▶ What you will do: What you return must be exactly the lines from the beginning of the material through the line containing "The tree planting", both included, and no pictures.

▶ Provided material:
***

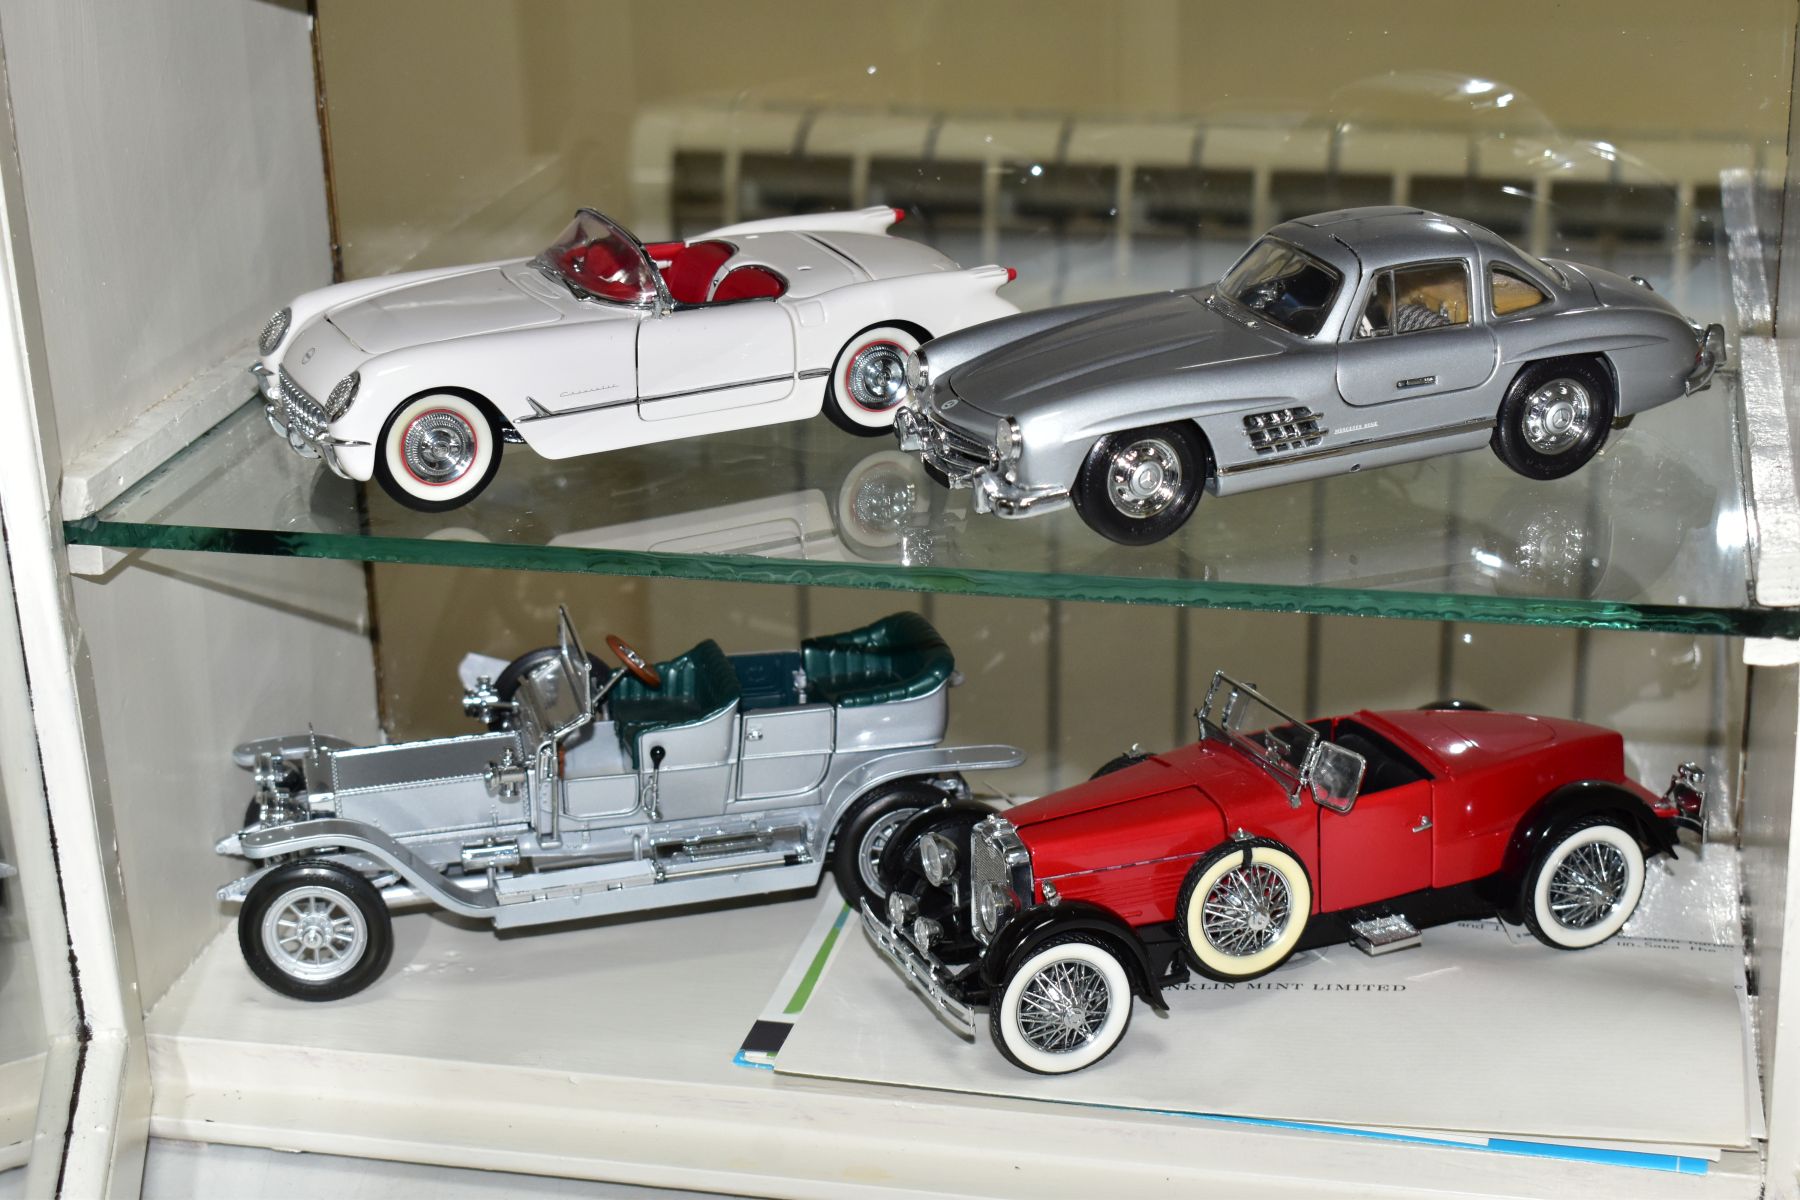 FOUR UNBOXED FRANKLIN MINT DIECAST CAR MODELS, 1/24 scale, 1907 Rolls-Royce Silver Ghost, 928 - Image 2 of 4
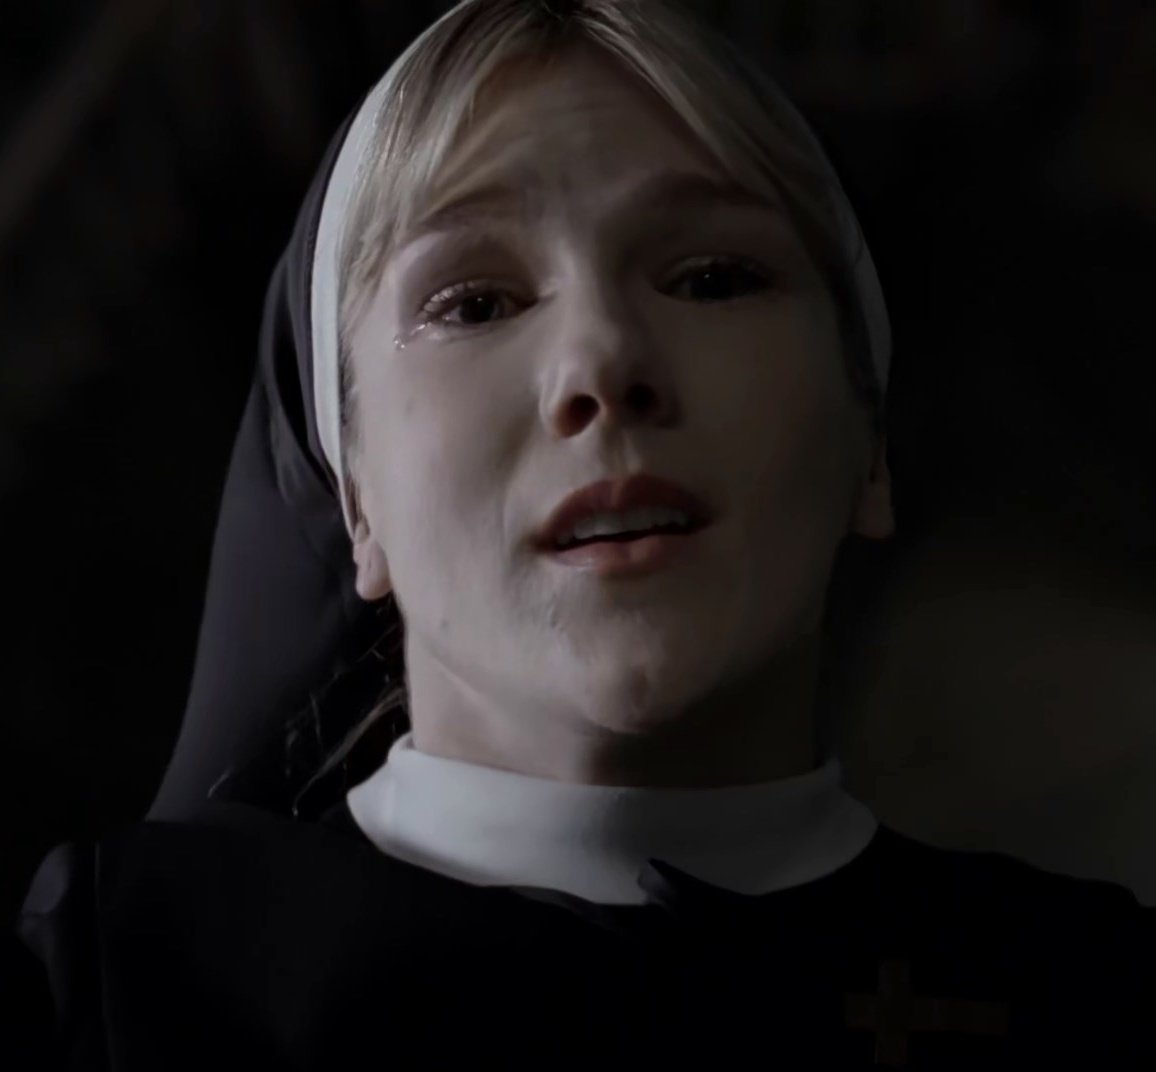 Mary Eunice as Ophelia [Hamlet]Ophelia is seen either as the pinnacle of innocence, a maiden saint, or as a figure of cunning loathsome sin.Through these interpretations, Ophelia’s character expresses the duality of societal perception of women & femininity.
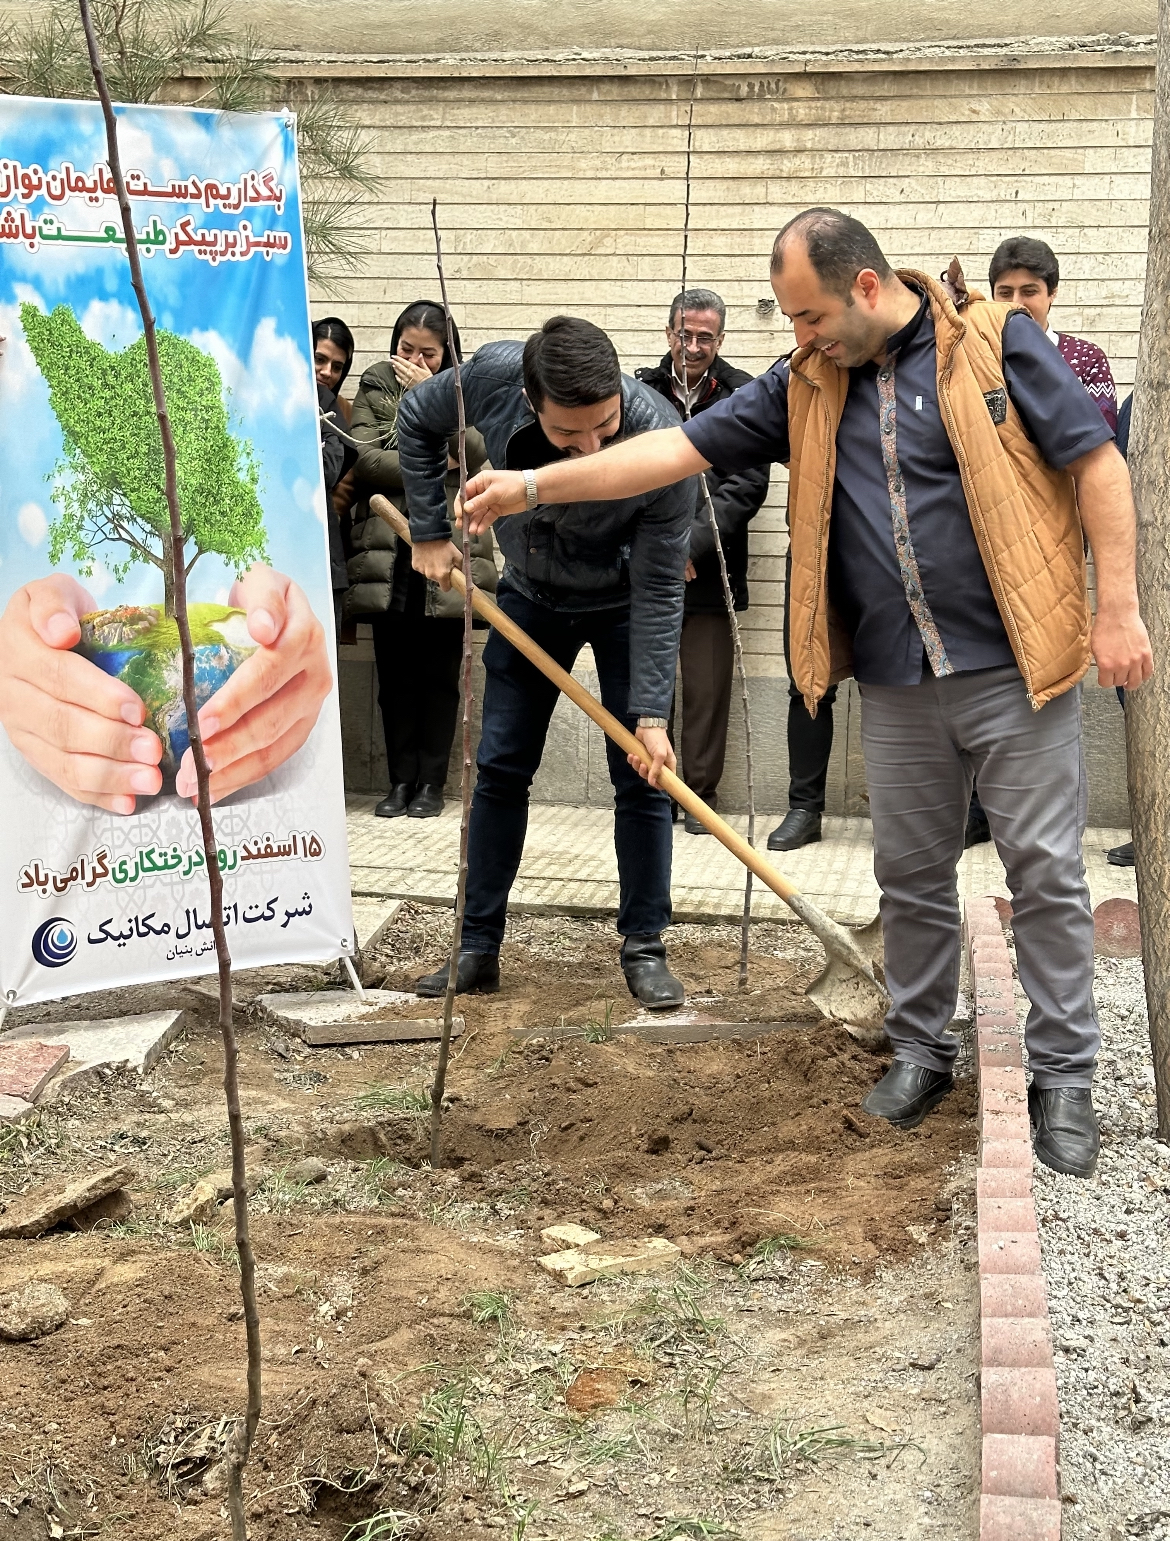 The tree planting ceremony at the Ettesal Mechanic Company aligns with the annual Tree Planting Day, which takes place on March 5th
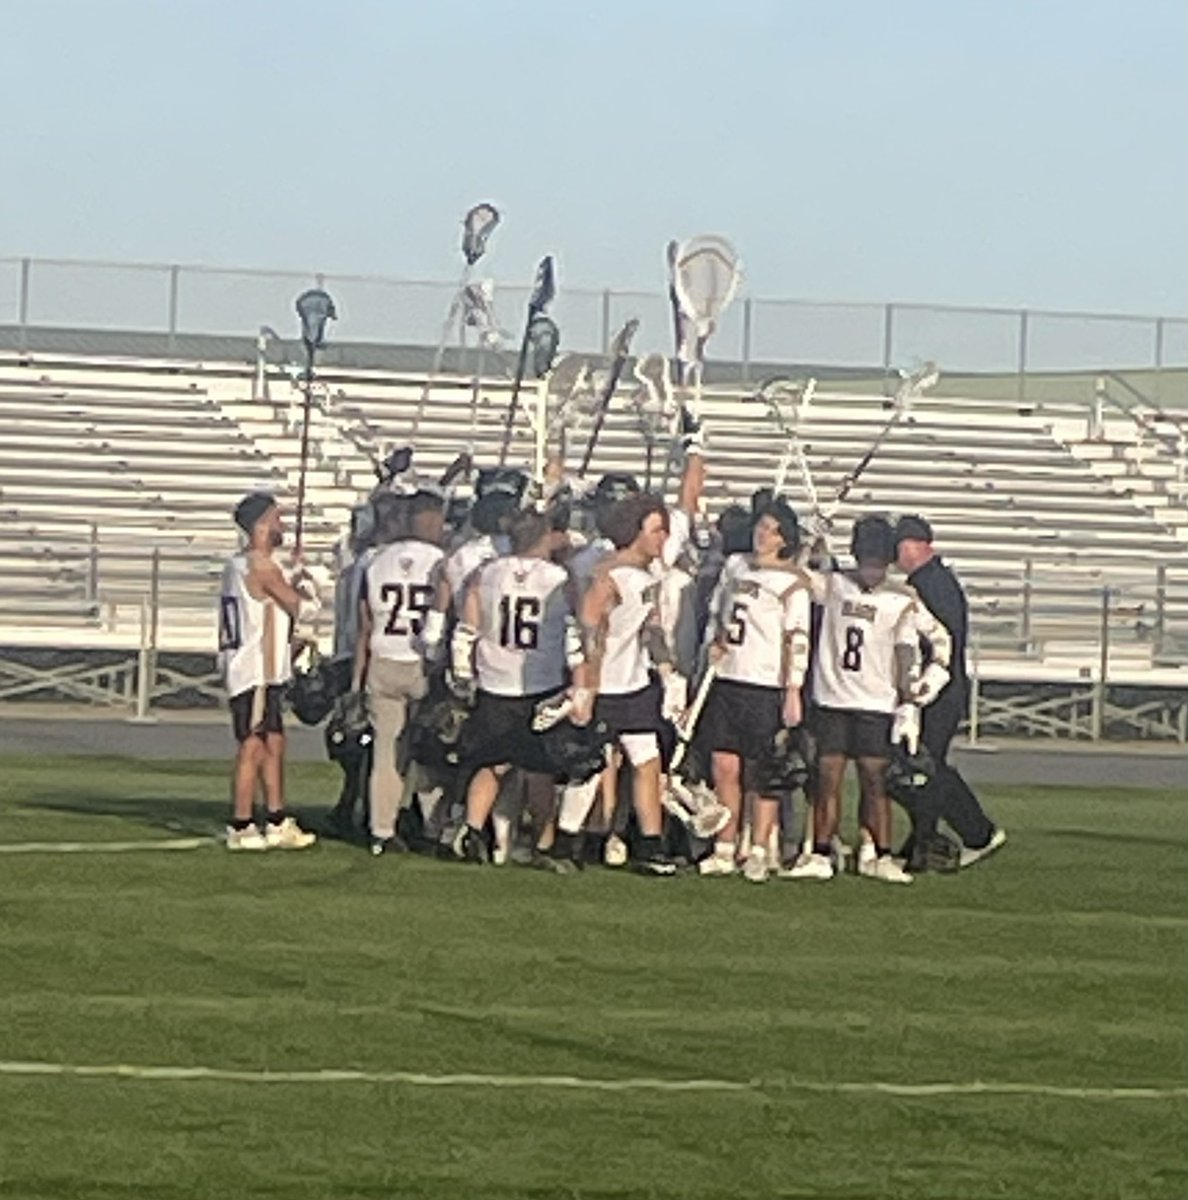 Our Lacrosse Team celebrated their Senior night tonight. They have developed our Lax program to where it is today with the help of our coaches, families, and athletic booster club. It’s TIME CCS to sanction this LAX as a sport. @CumberlandCoSch @BarbourChad @GCAthletics03

***

▶ Answer section:
 FOUR UNBOXED FRANKLIN MINT DIECAST CAR MODELS, 1/24 scale, 1907 Rolls-Royce Silver Ghost, 928 - Image 2 of 4
 Mary Eunice as Ophelia [Hamlet]Ophelia is seen either as the pinnacle of innocence, a maiden saint, or as a figure of cunning loathsome sin.Through these interpretations, Ophelia’s character expresses the duality of societal perception of women & femininity.
 The tree planting ceremony at the Ettesal Mechanic Company aligns with the annual Tree Planting Day, which takes place on March 5th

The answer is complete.